There is method in my madness.

Hamlet

Philippe Aghion a été honoré du prix Nobel d’économie en 2025 pour ses travaux sur l’innovation et la « destruction créatrice », concept inventé par Schumpeter dans les années 40. Cocorico. Vraiment ? Dans le contexte d’une France désindustrialisée en déclin, on se demandera s’il faut vraiment se féliciter de pareille célébration d’une notion aussi galvaudée que toxique, à l’instar de « création de valeur » ou « conduite du changement ». On s’amusera au passage peut-être du fait que le jury Nobel récompense un champion de l’innovation, alors qu’il n’est au fond qu’un commentateur bien peu innovant d’une théorie aussi ancienne. Plus fondamentalement, que signifie en pratique cette destruction qui serait créatrice? Dans le petit témoignage qui suit, écrit dans le cadre d’un atelier d’écriture d’un centre d’art contemporain (le 3bisf), j’explore les destructives et sinistres coulisses de ce maître-mot du capitalisme financier contemporain.

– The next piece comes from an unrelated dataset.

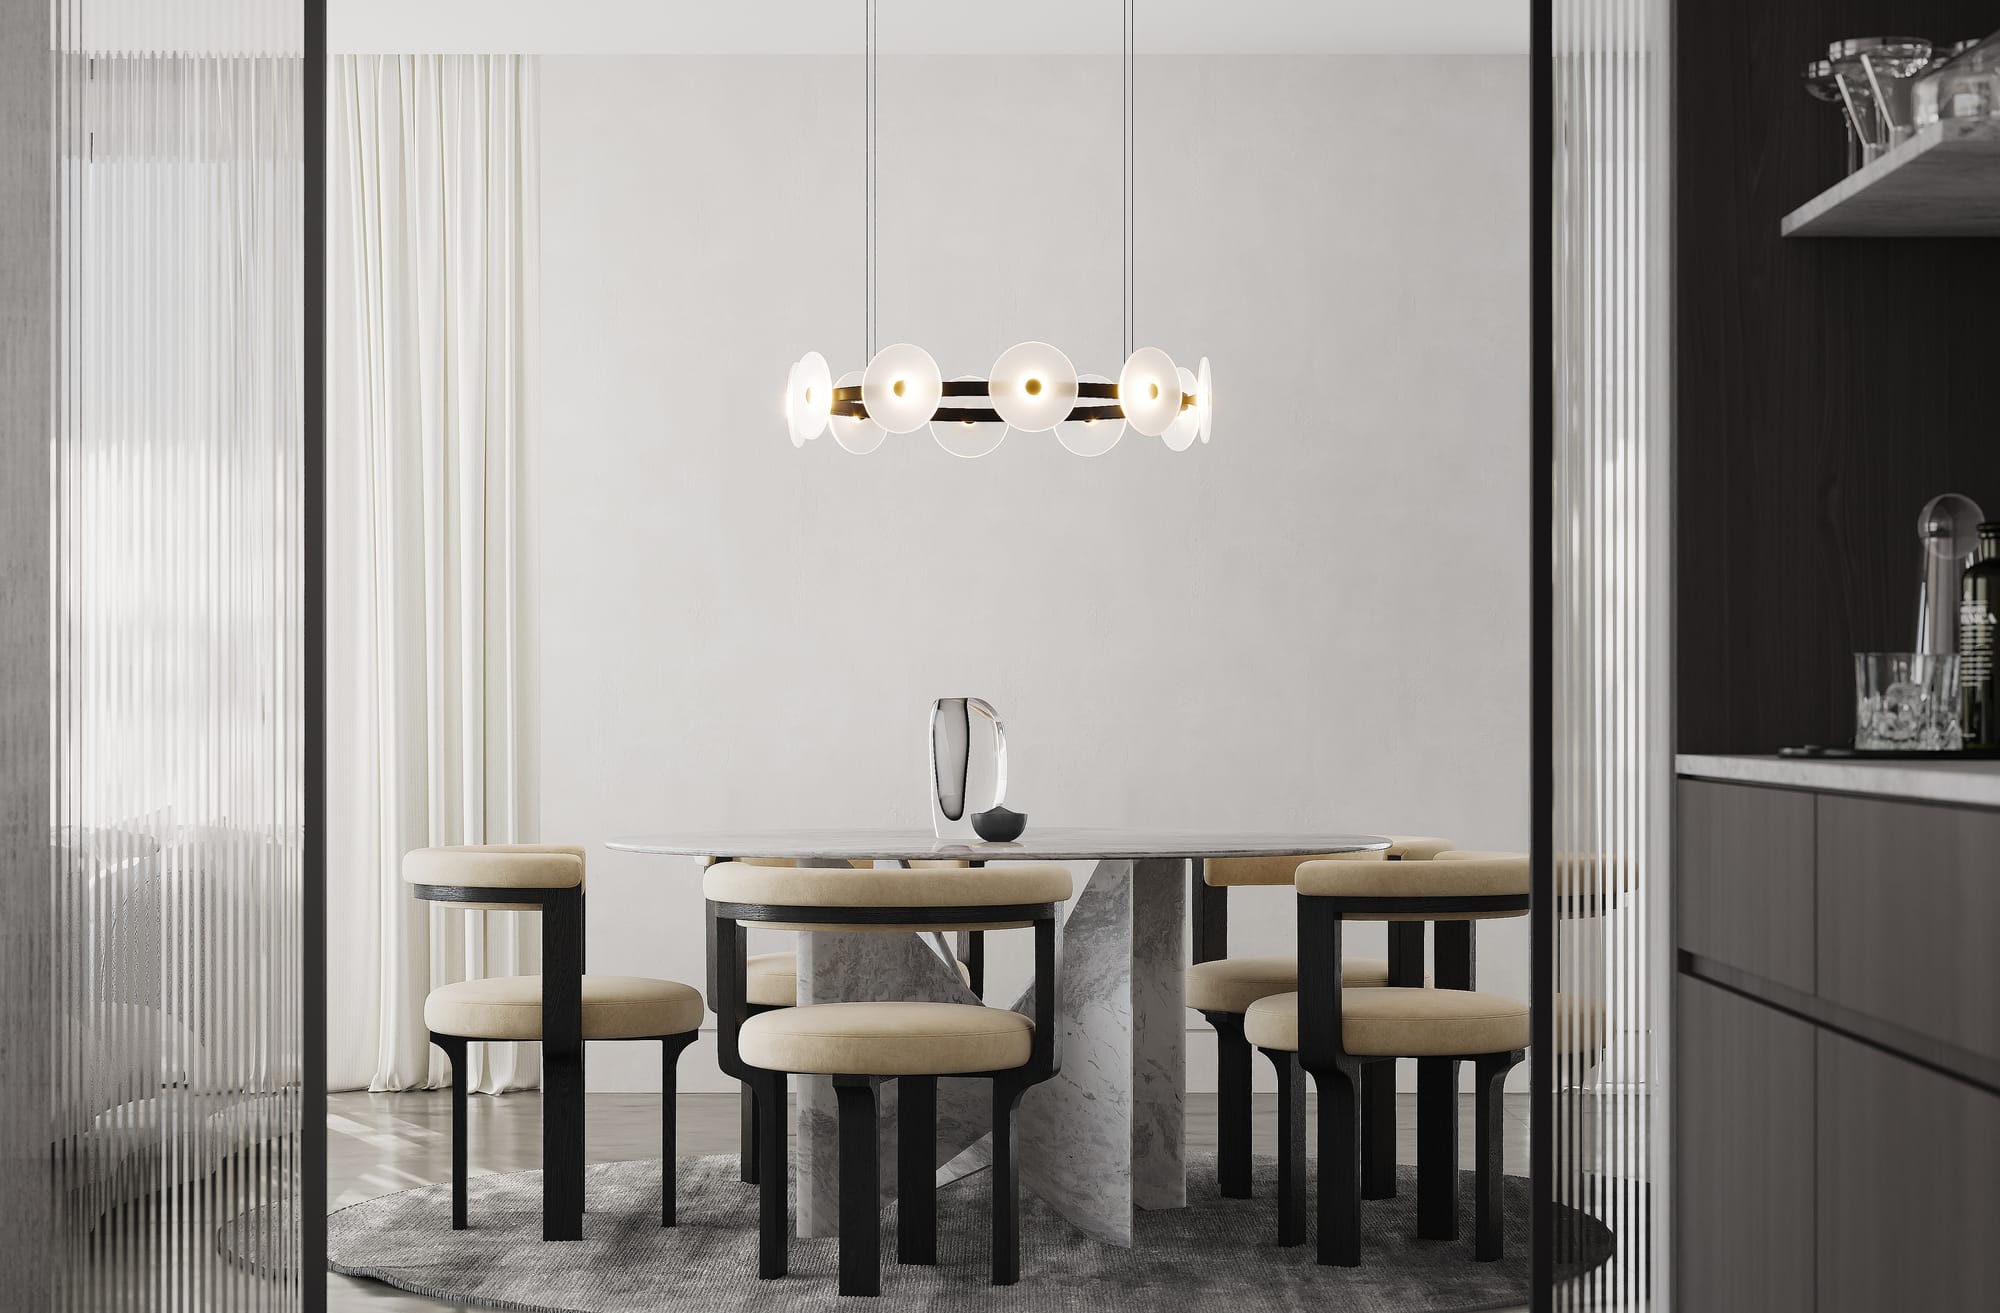 Coral Ring Pendant Light by SOKTAS. Copyright of SOKTAS. Circular pendant light hanging above round marble dining table with beige and black chairs. 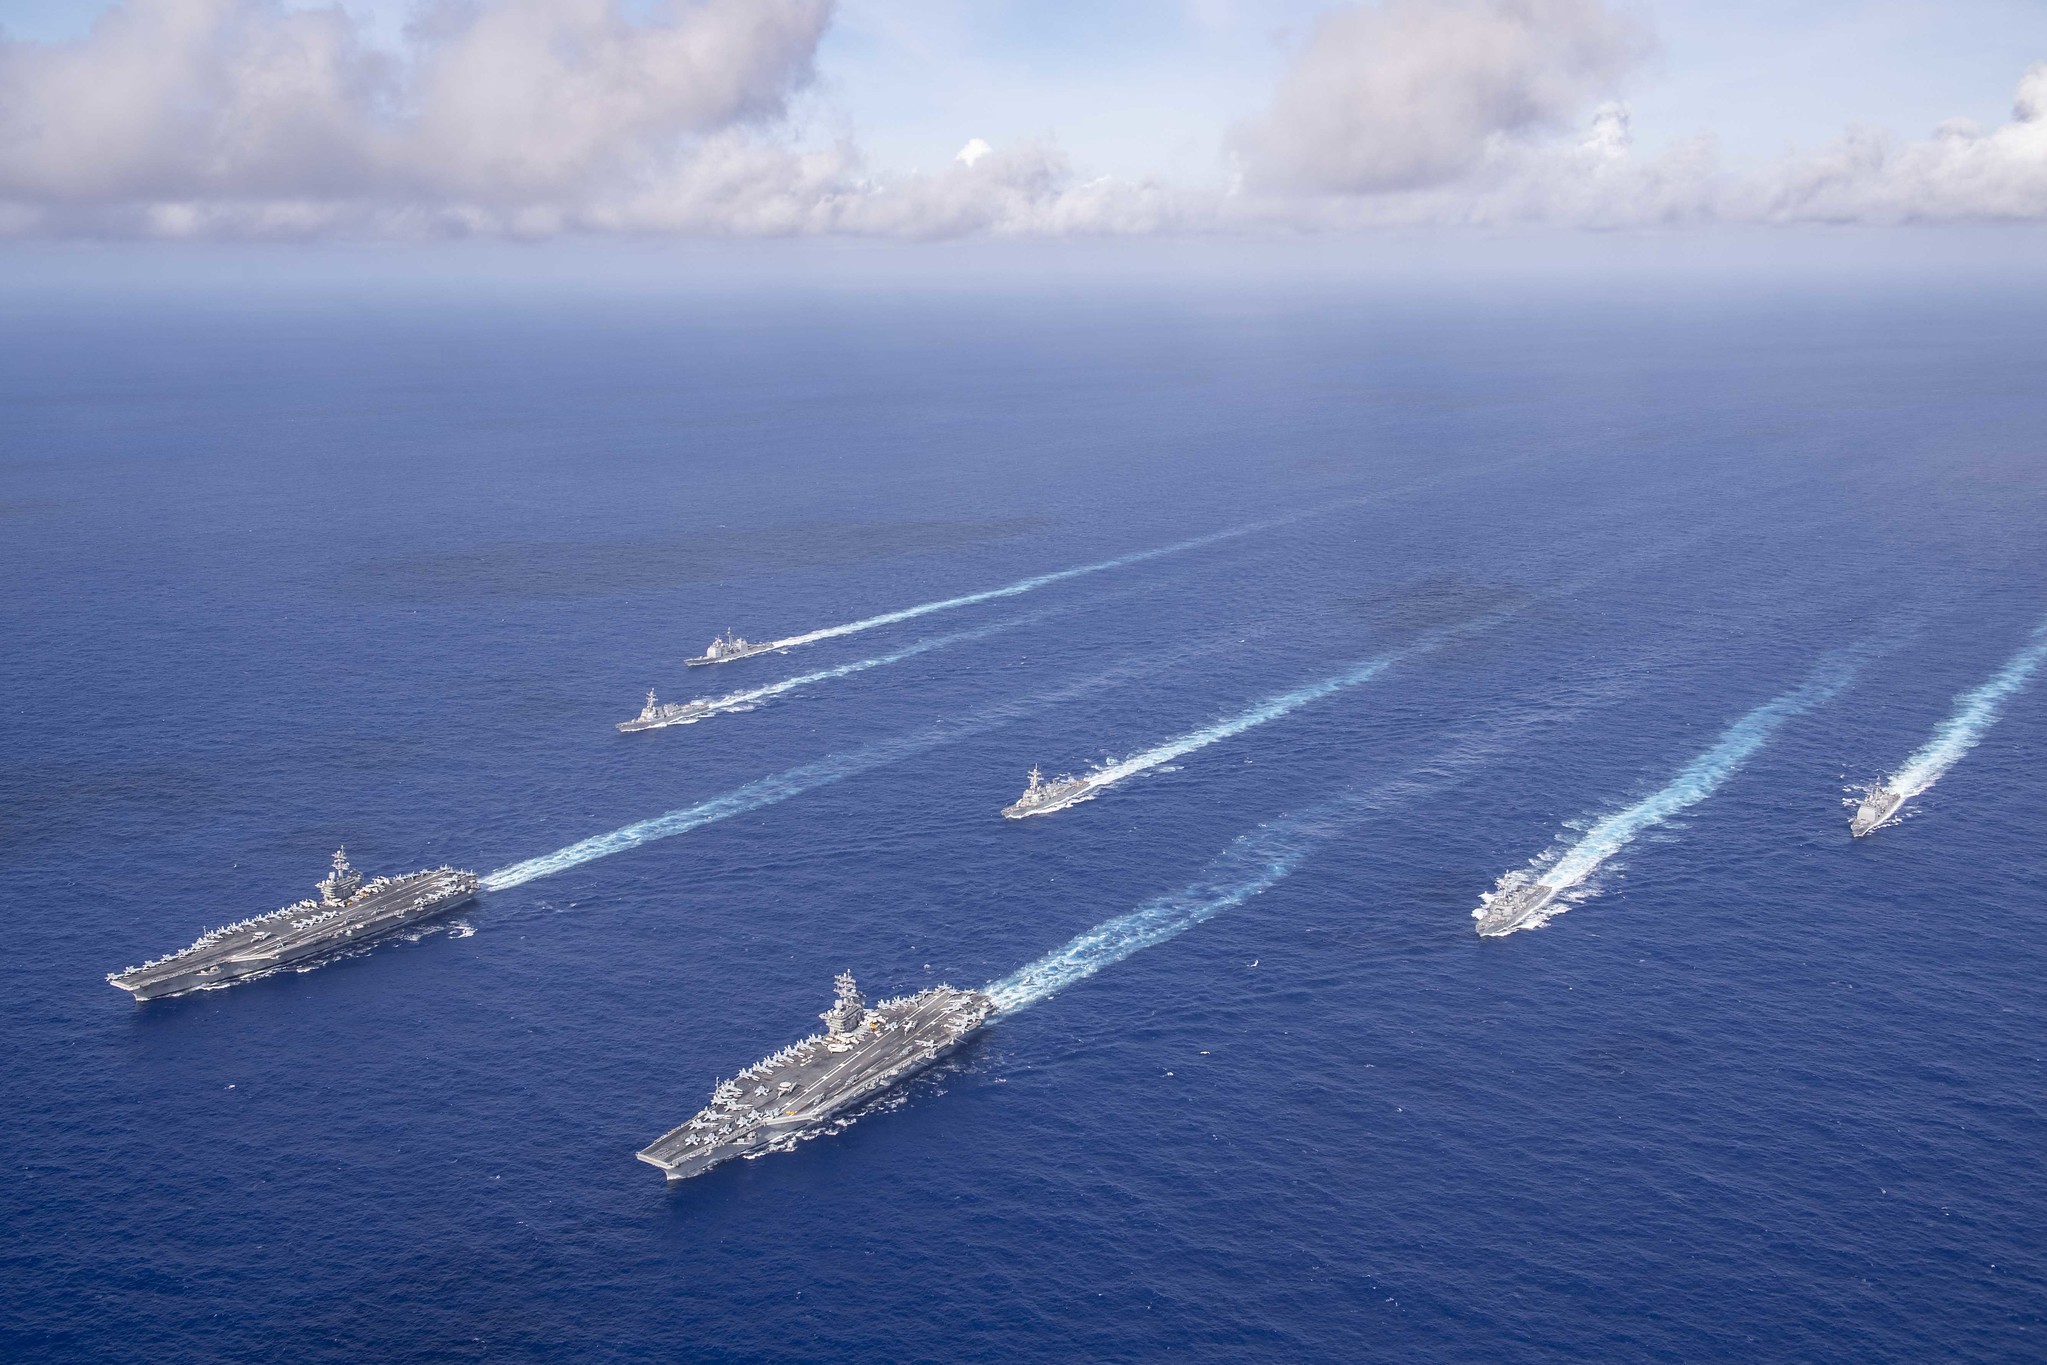 How Big of a Fleet? A Look at the U.S. Navy's Size and Readiness

La scène se passe dans un open space tout aussi élégant que clinique non loin de l’Arc de Triomphe en l’an 2000. Drôle d’année futuriste, porteuse d’espérances et de craintes, comme celle d’un bug informatique mondial qui paralyserait tout. Ce sont les bureaux du célèbre cabinet de conseil en stratégie McGregor & Co (nom imaginaire que je donne ici à ce cabinet que j’ai croisé dans le monde réel) qui conseille les Directions Générales des plus grandes entreprises de la planète. Les moines-soldats et les idéologues du capitalisme financier et mondialisé contemporain.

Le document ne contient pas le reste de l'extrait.